There are several lists of “priority air toxics” that define the most harmful compounds to be taken into account when evaluating exhaust gases from the transport sector. These lists have been defined from various starting points, and consequently, outcomes are not uniform. Diesel engine exhaust itself has been classified as carcinogenic  to humans, Group 1, while gasoline engine exhaust is classified as possibly carcinogenic to humans, Group 2B (IARC, 2013).

The U.S. Environmental Protection Agency (EPA) has defined key mobile-source air toxics (MSATs). The US EPA (2001) MSAT list included 21 compounds, among them acetaldehyde, acrolein, benzene, 1,3‑butadiene, dioxin/furans, diesel exhaust, ethylbenzene, formaldehyde, n-hexane, six metals, MTBE, naphthalene, styrene, toluene and xylene. The US EPA (2007) includes eight key MSATs and gasoline particulate matter. The emission species in this MSAT group are listed below (US EPA 2007).

  • Benzene, formaldehyde and 1,3-butadiene are classified as human carcinogens (IARC, 2010, 2012). The lifetime of 1,3-butadiene is short, but it is highly reactive and may also form formaldehyde, acetaldehyde, and acrolein in atmospheric reactions.
  • Acetaldehyde has been classified as possible carcinogen by IARC (1999). It may also produce peroxyacetyl nitrate (PAN), a phytotoxicant and mutagen, through reactions with NOx.
  • Acrolein is highly irritating, and long-term inhalation results in chronic inflammation.
  • Polycyclic organic matter is found in the gaseous exhaust, particles, or both. It contains a mixture of compounds, for example benzo(a)pyrene, which is classified as a human carcinogen. Many other polyaromatic hydrocarbons (PAHs) and nitro-PAHs have been classified as proven, probable or possible carcinogens to humans.
  • Naphthalene is the most abundant PAH in ambient air. There is evidence in rodents that exposure to naphthalene leads to inflammation of the nasal tract and tumors of the nasal epithelium, for example. However, there are no data on carcinogenicity in humans. Case reports suggest that exposure may cause effects in blood cells, such as haemolysis and haemolytic anaemia. (HEI 2007).
  • Diesel exhaust has been classified as carcinogenic to humans (Group 1, IARC),
  • Gasoline PM: Gasoline engine exhaust is classified as possibly carcinogenic to humans (Group 2B, IARC).

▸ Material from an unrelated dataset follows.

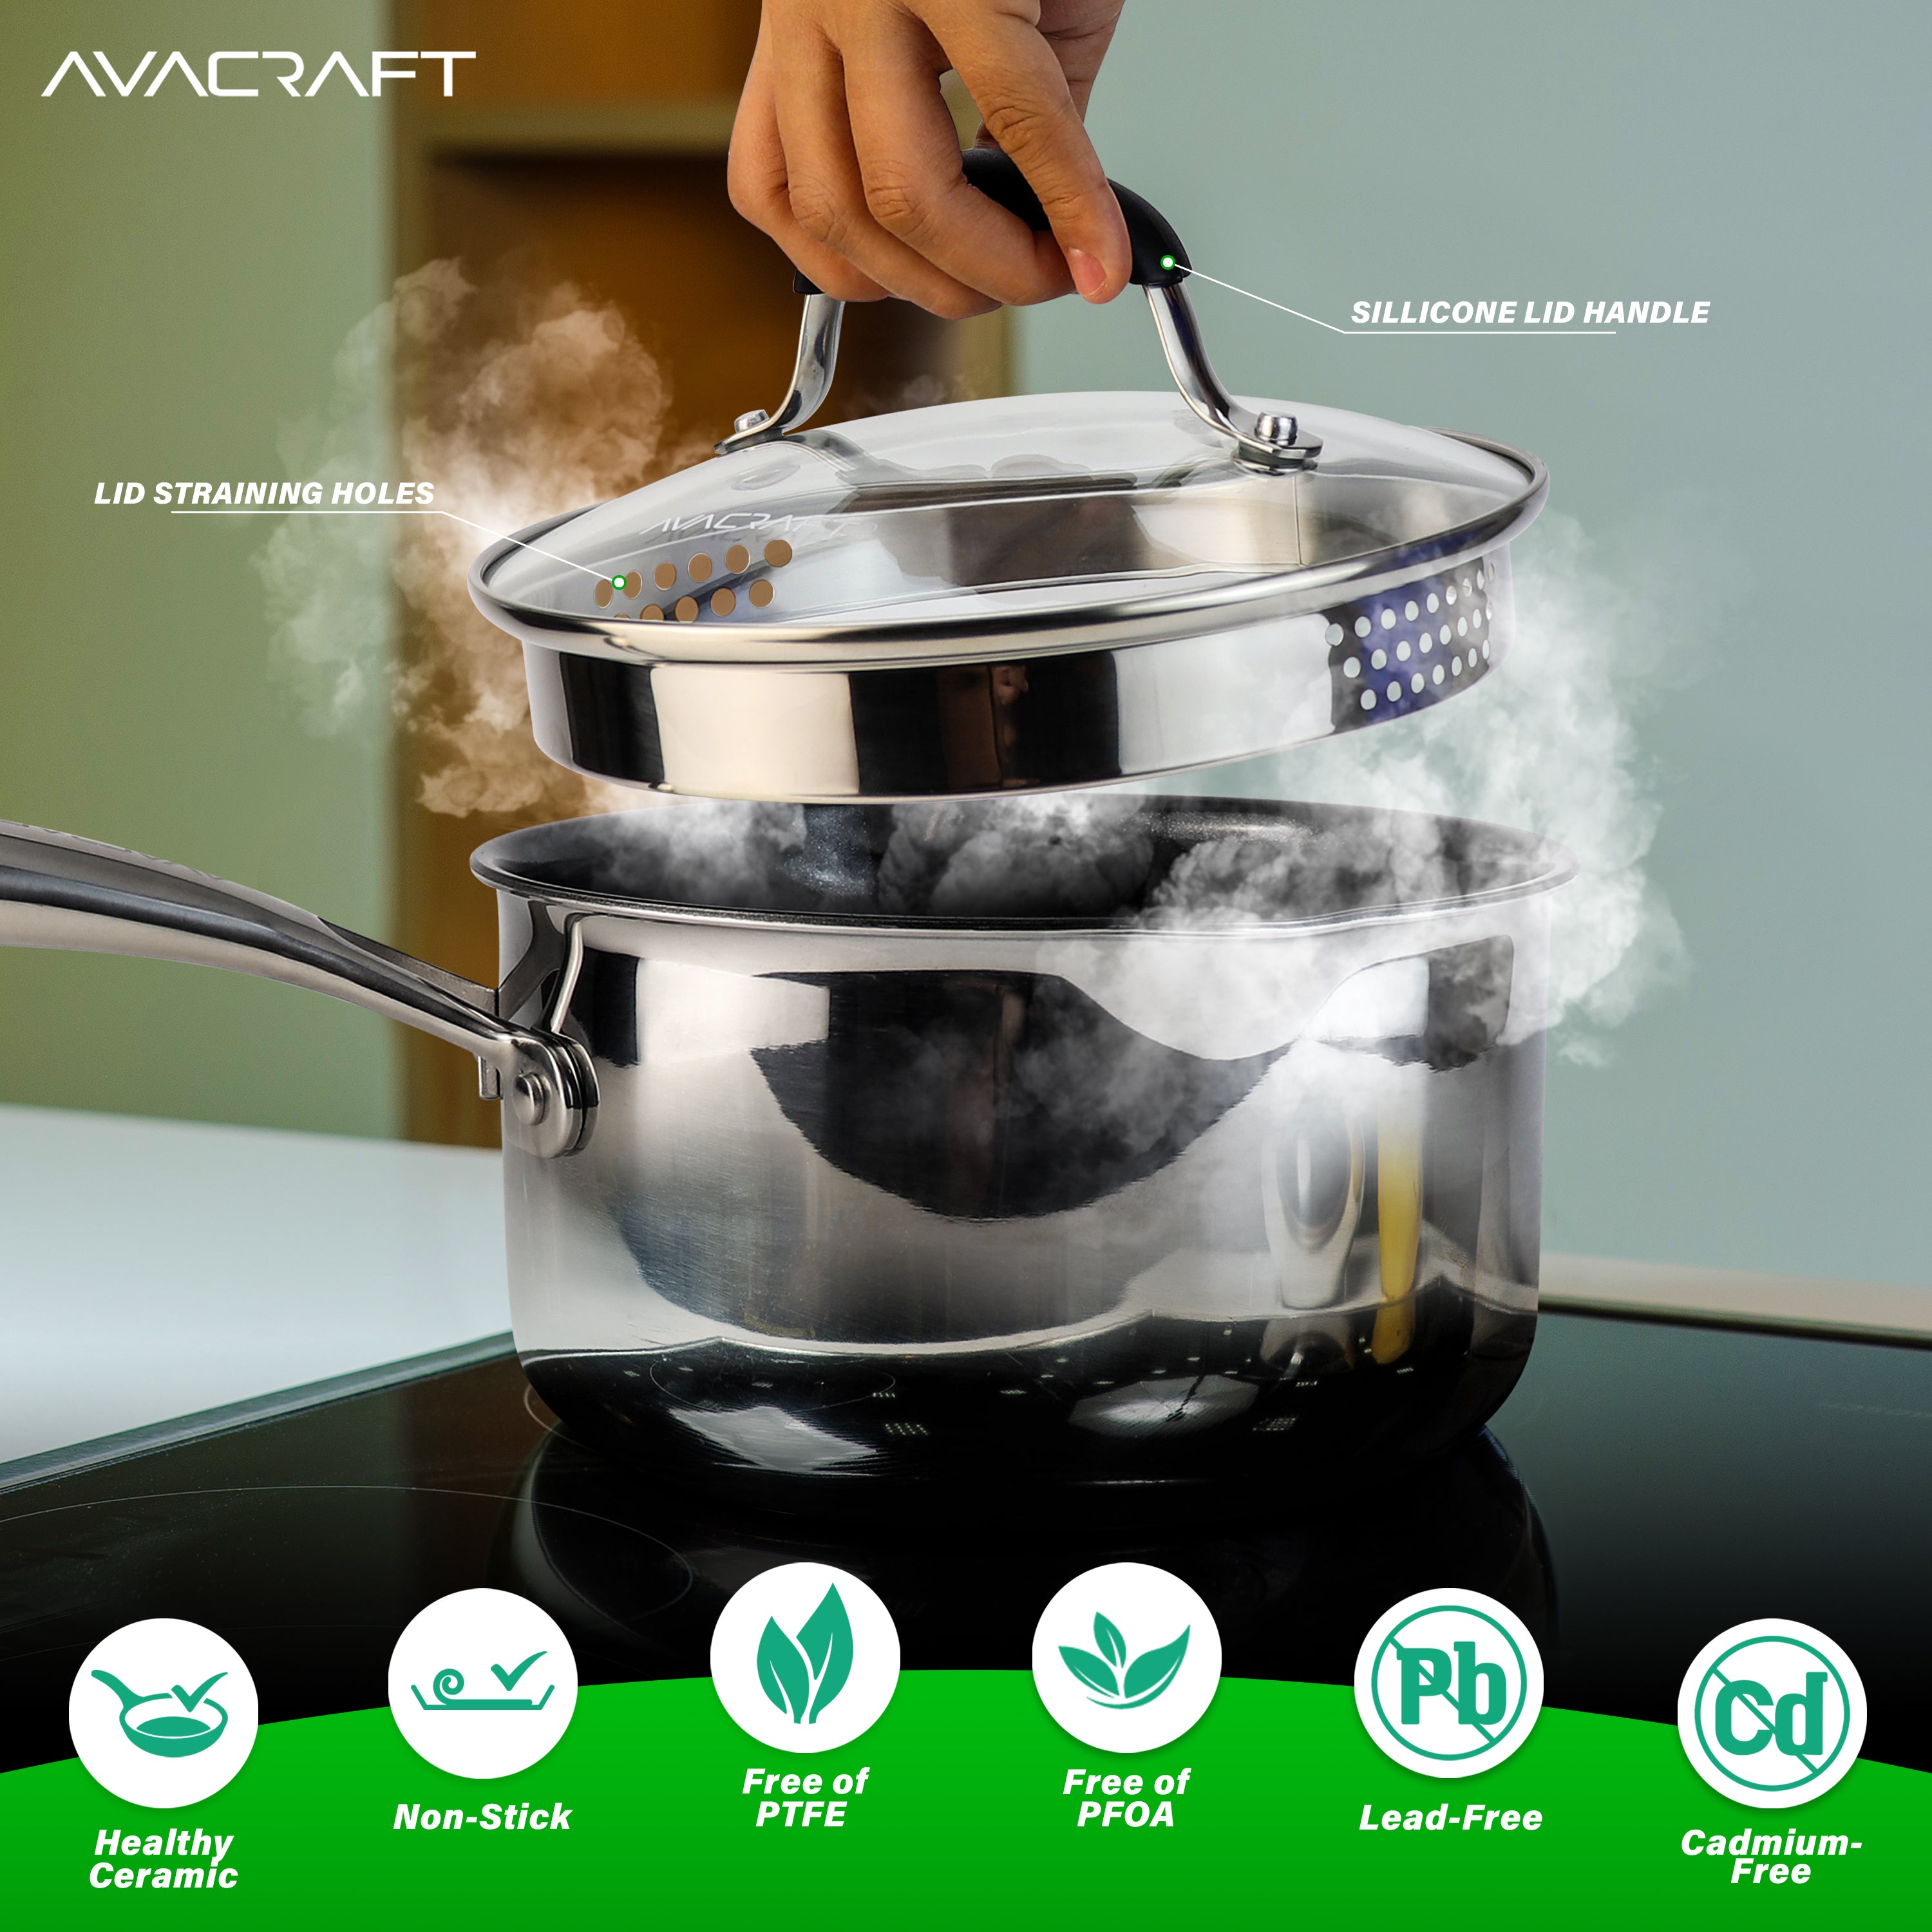 AVACRAFT Nonstick Saucepan with Glass Lid, Strainer Lid, 100% PTFE, PFOA Toxins Free, Two Side Spouts for Easy Pour, Multipurpose Sauce Pan with Lid

Review of HEI (2007) concluded that the contribution of mobile sources is greatest for 1,3‑butadiene, followed by benzene, formaldehyde, acetaldehyde and acrolein.

In addition to the defined MSAT species, number of particles (PN), especially number of nanoparticles in the lowest size classes below 50 nm, is addressed with potential adverse health impacts. In addition, reduction of mass-based PM emissions does not necessarily reduce PN emissions. (HEI 2002, Kittelson et al. 2002, IARC 2016).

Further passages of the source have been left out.